▶ _INSTRUCTIONS FOR THE TASK_
Pictures aside, repeat the listing below exactly.

▶ _RECORDED INFORMATION_
* * * * * * * * *

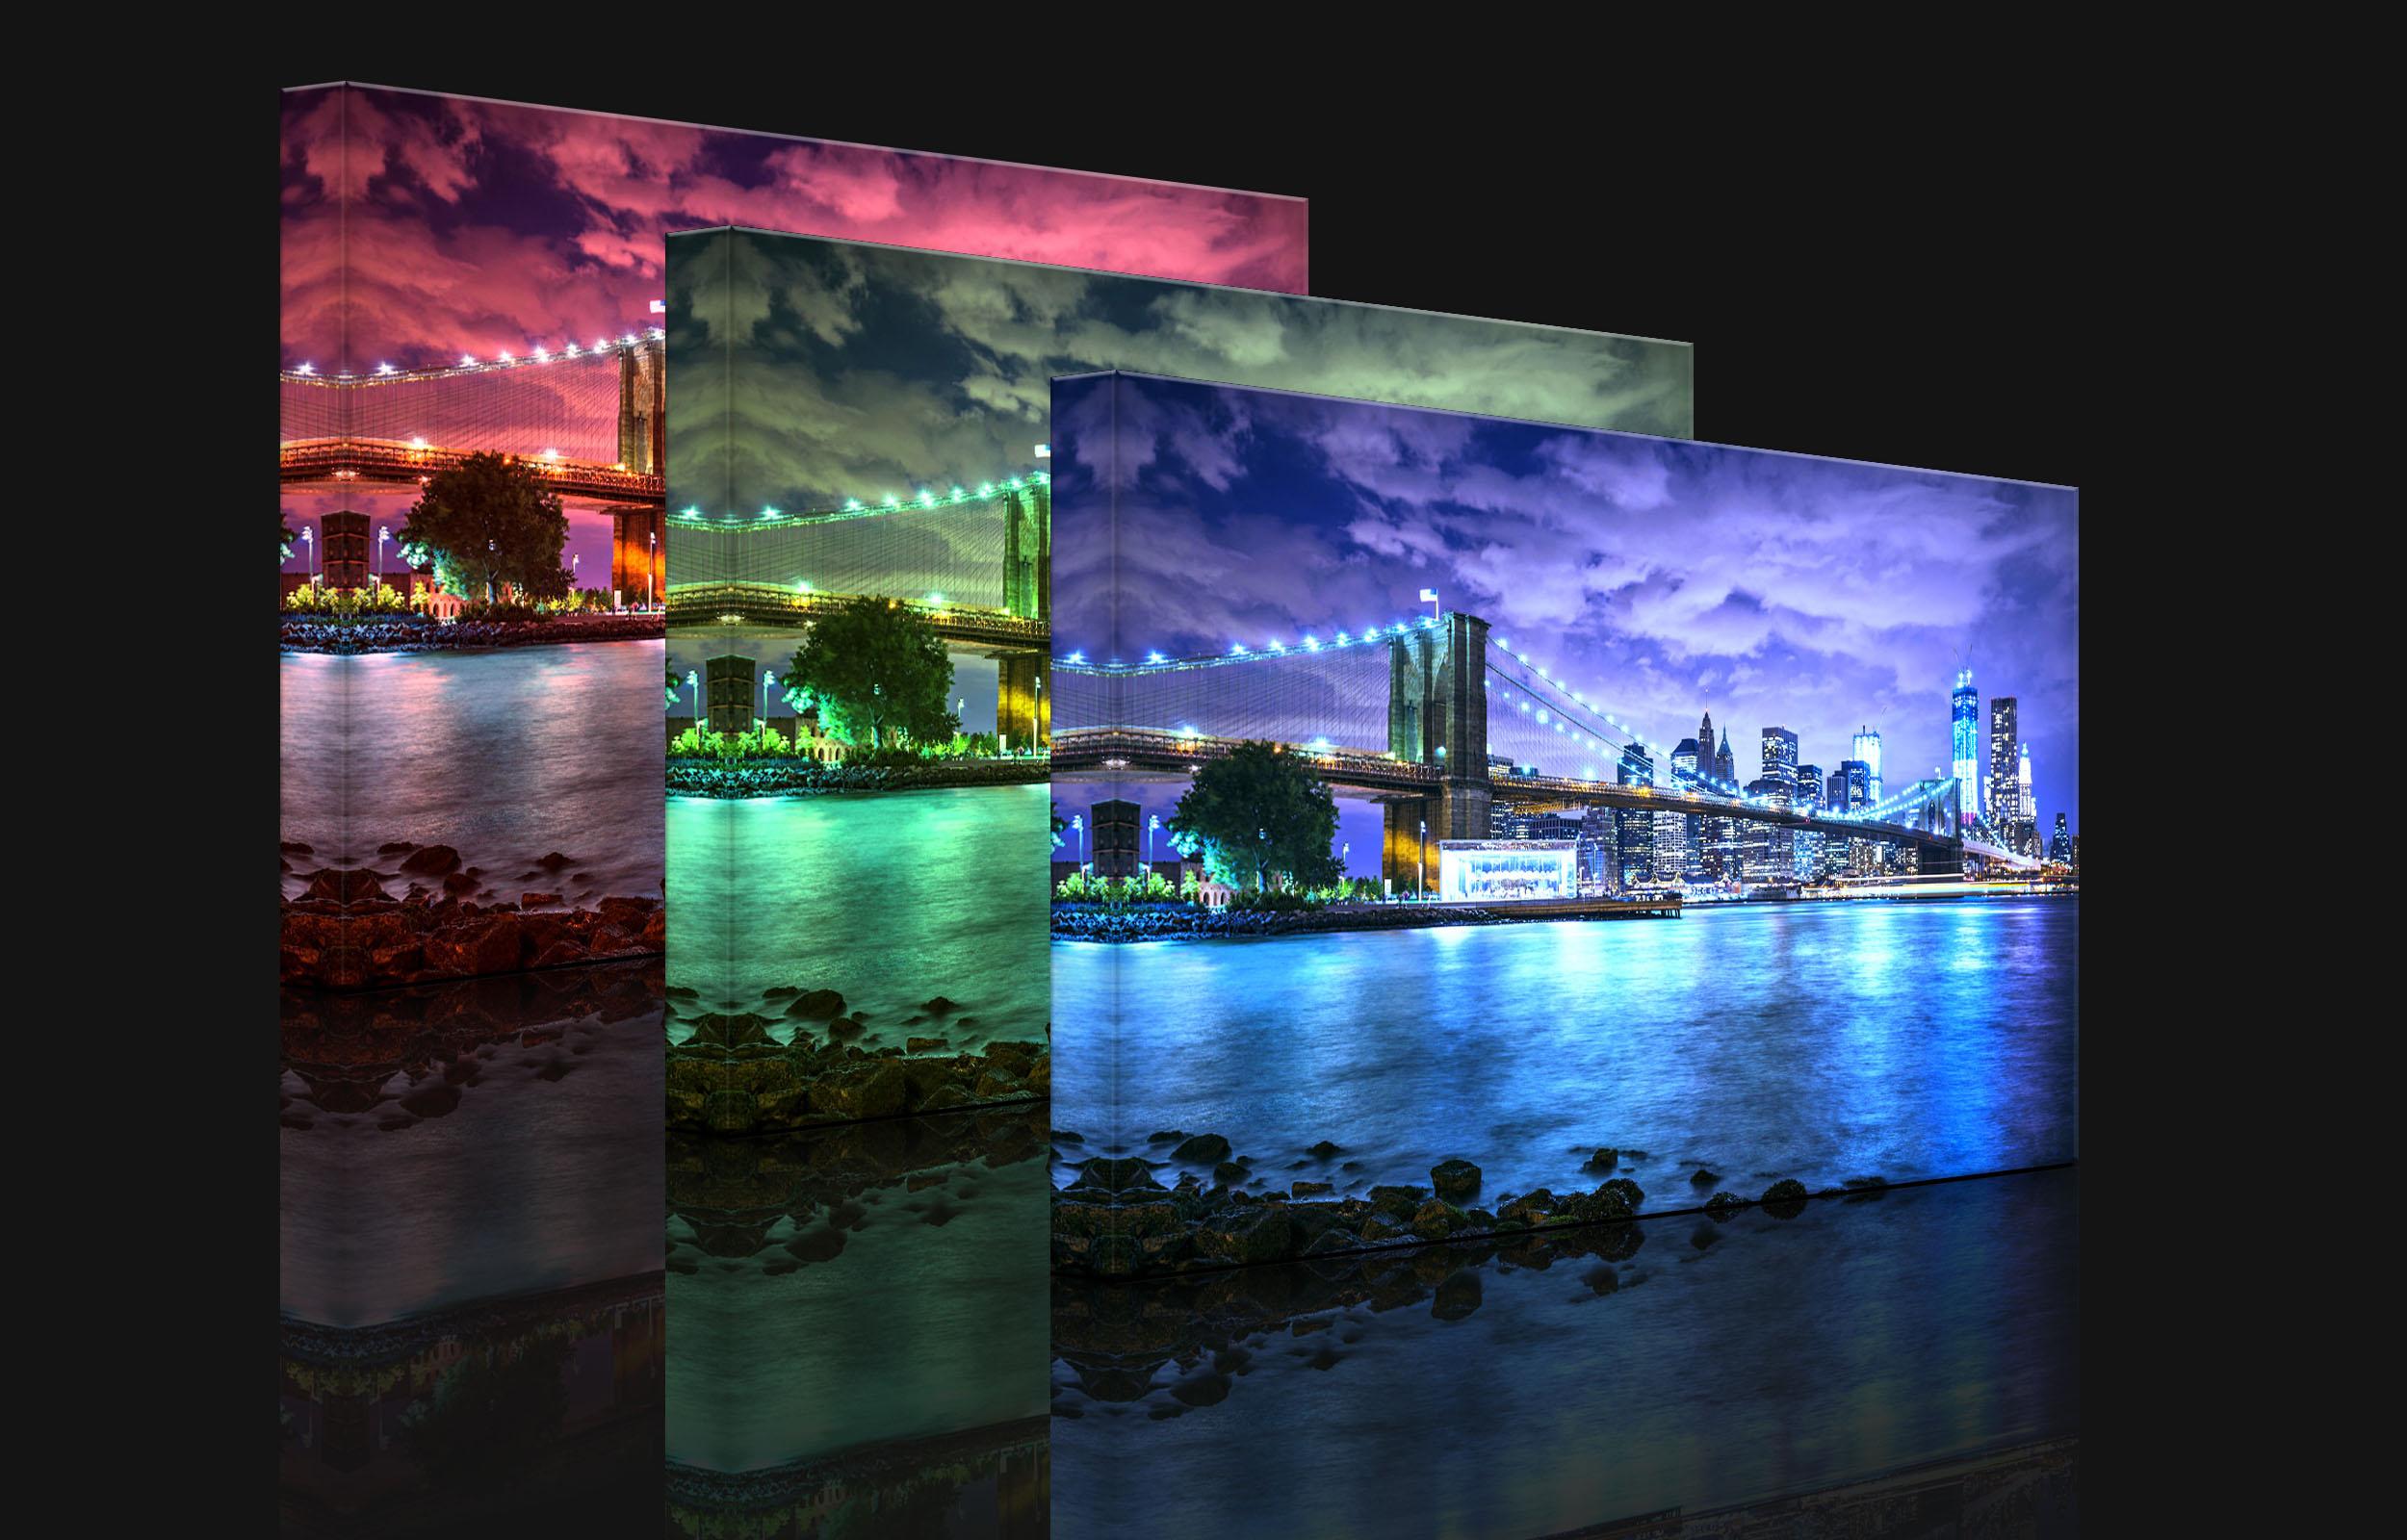 tableau illumin image led skyline de new york fully lighted ebay. Black Bedroom Furniture Sets. Home Design Ideas
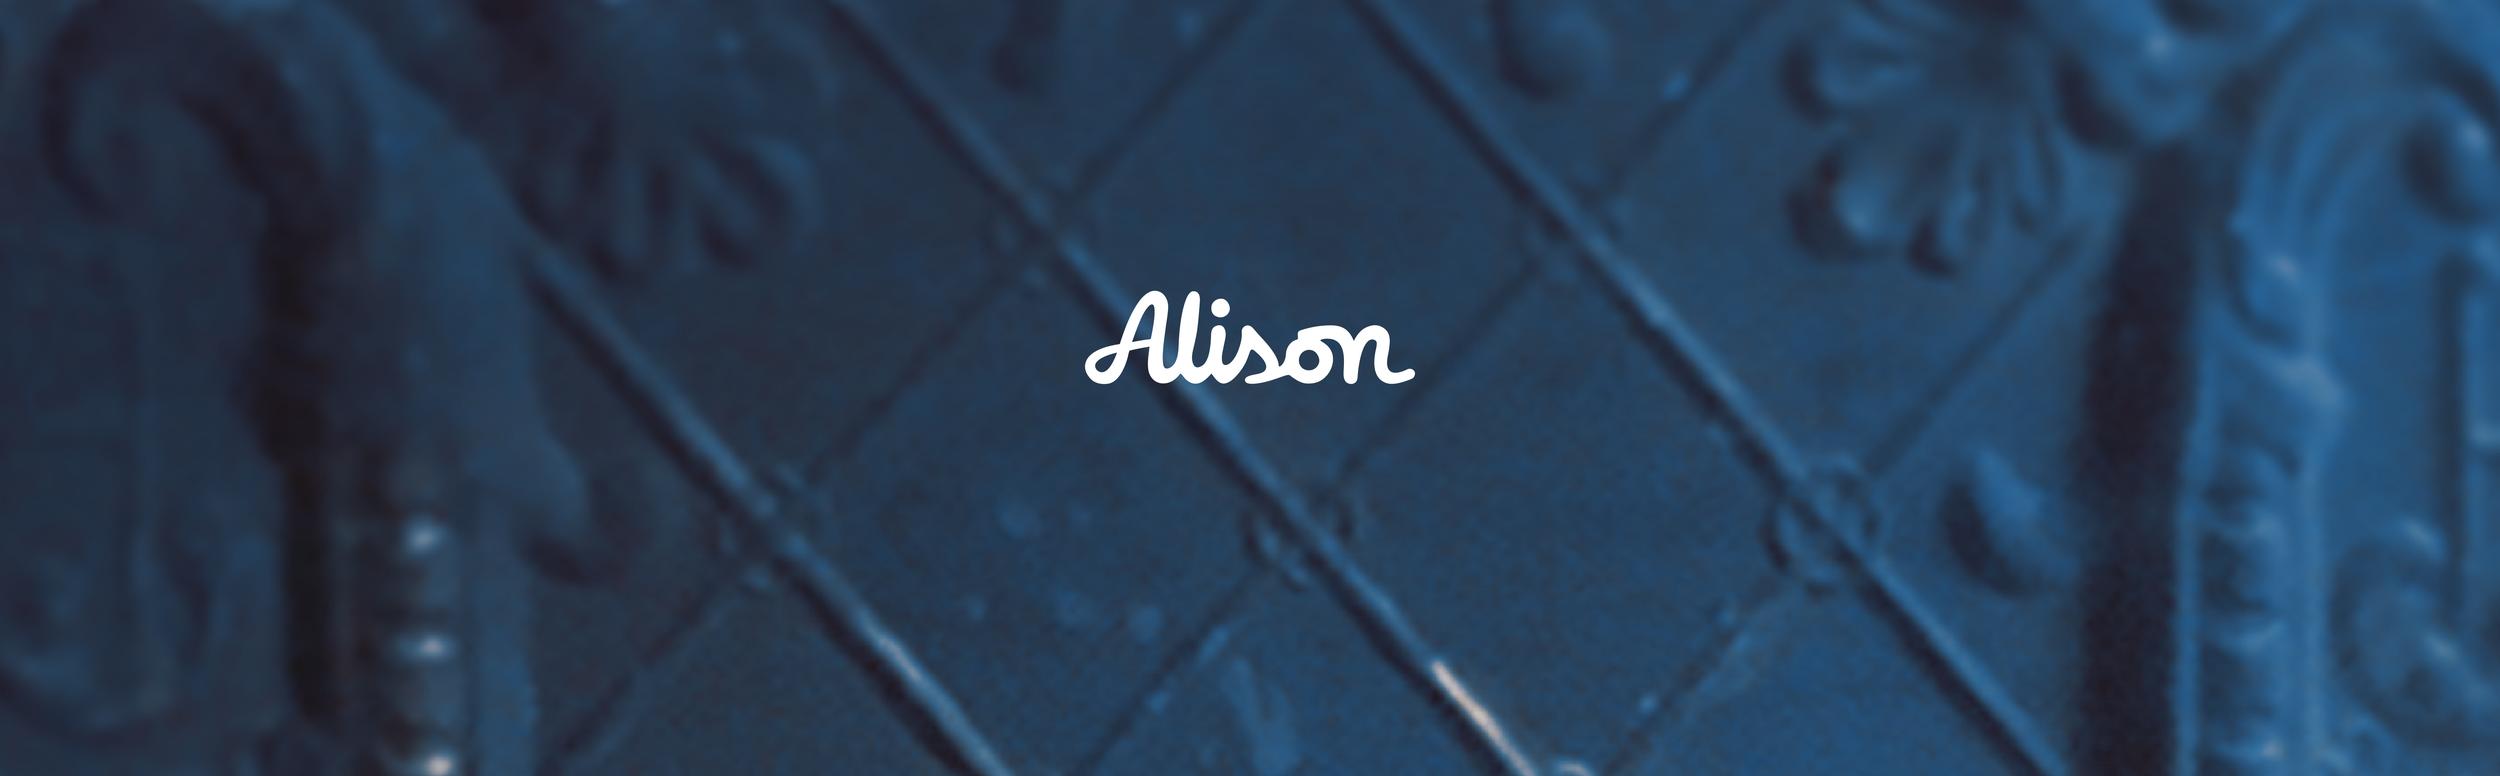 Alison_ss_Wordmark_feb_23b_-20.png
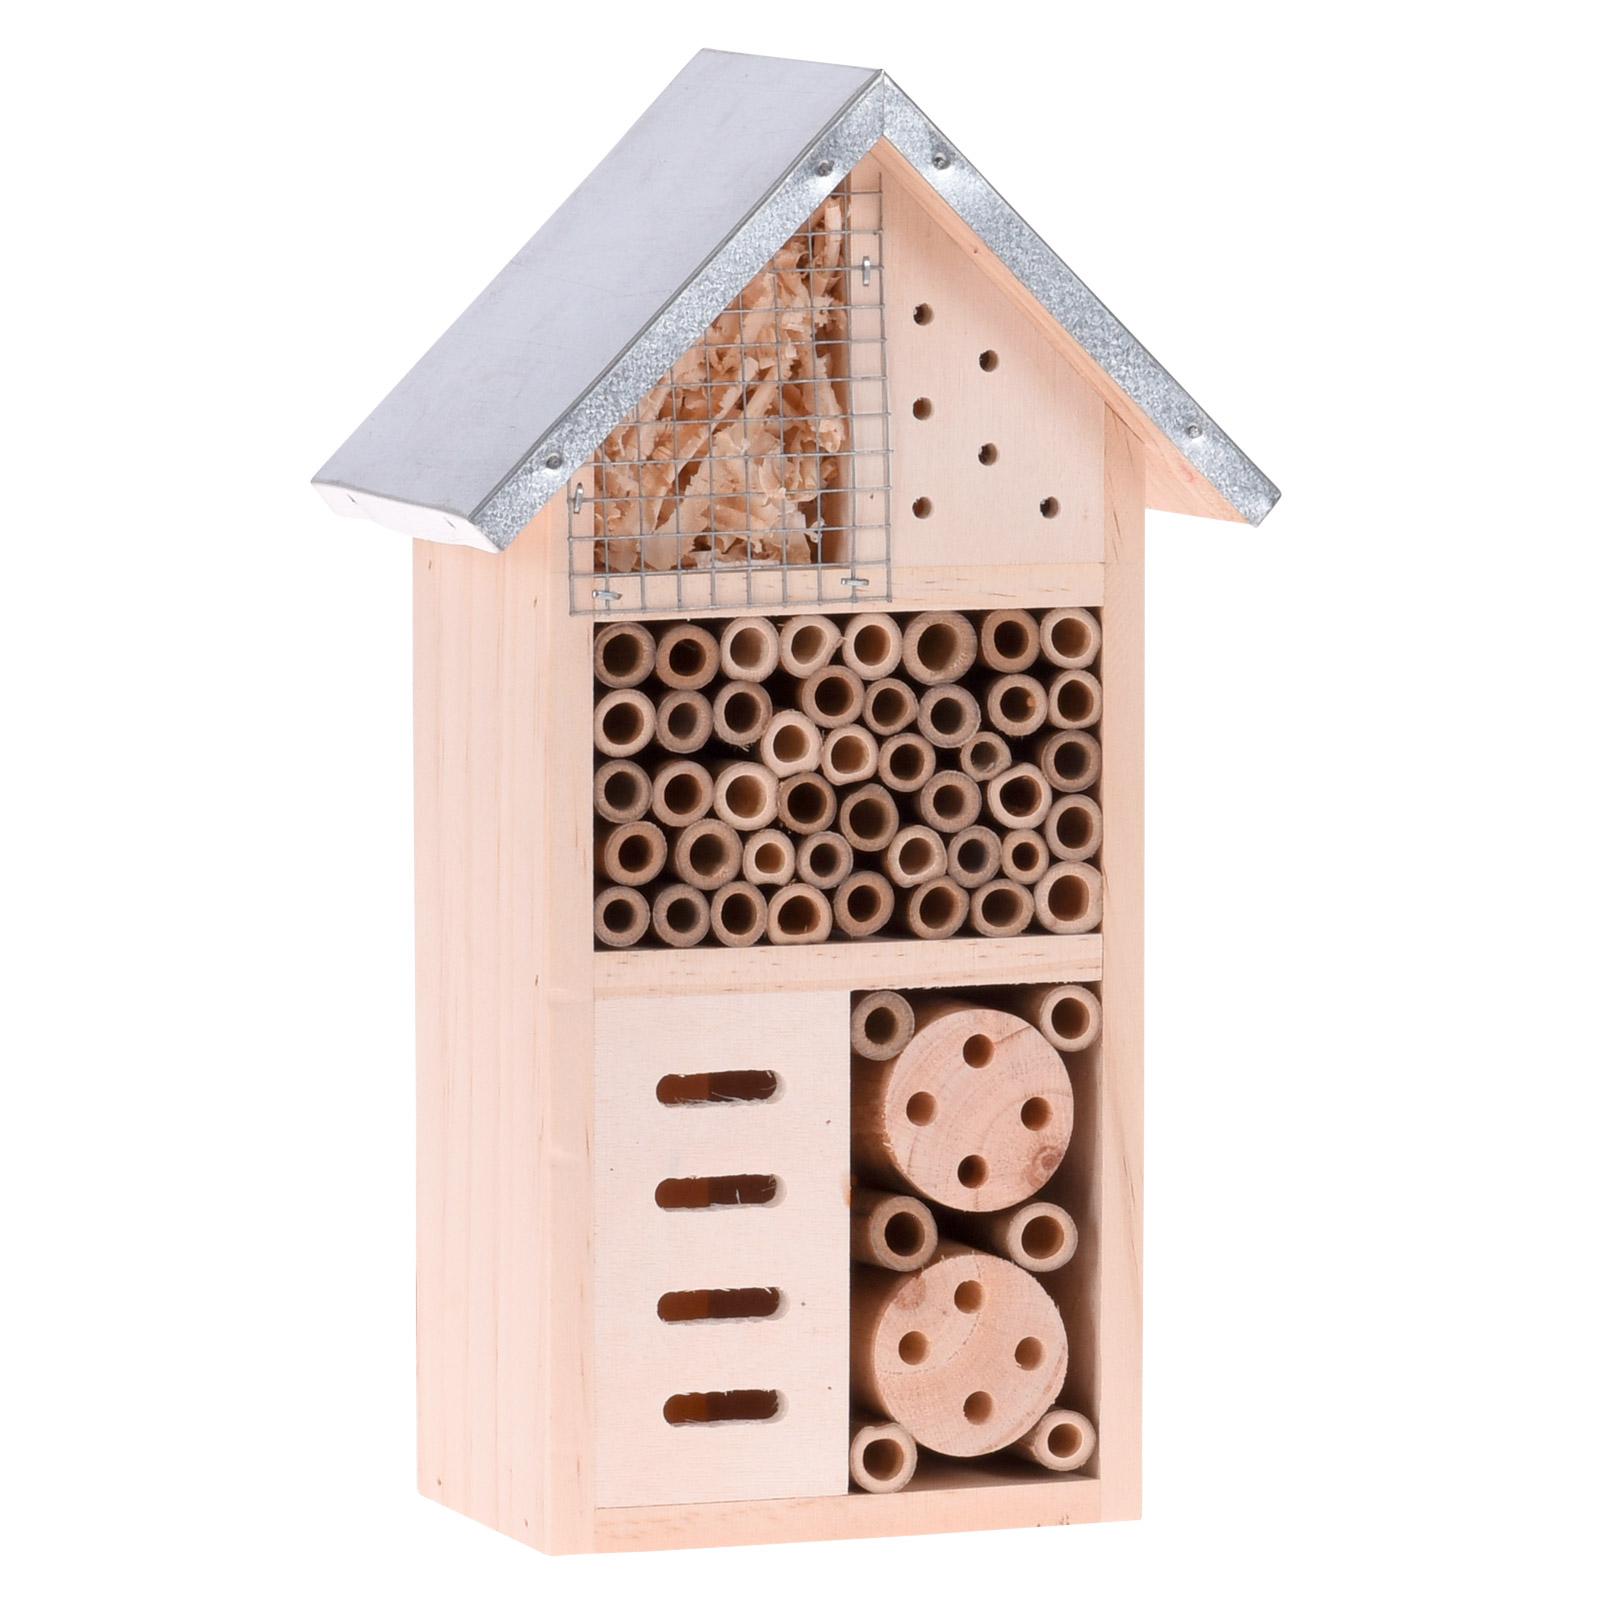 stabilo Insektenhotel Insektenhaus Insekten m. Metalldach 15x9x26 20259

* * * * * * * * *

▶ _WRITTEN SOLUTION_
 tableau illumin image led skyline de new york fully lighted ebay. Black Bedroom Furniture Sets. Home Design Ideas
 Alison_ss_Wordmark_feb_23b_-20.png
 stabilo Insektenhotel Insektenhaus Insekten m. Metalldach 15x9x26 20259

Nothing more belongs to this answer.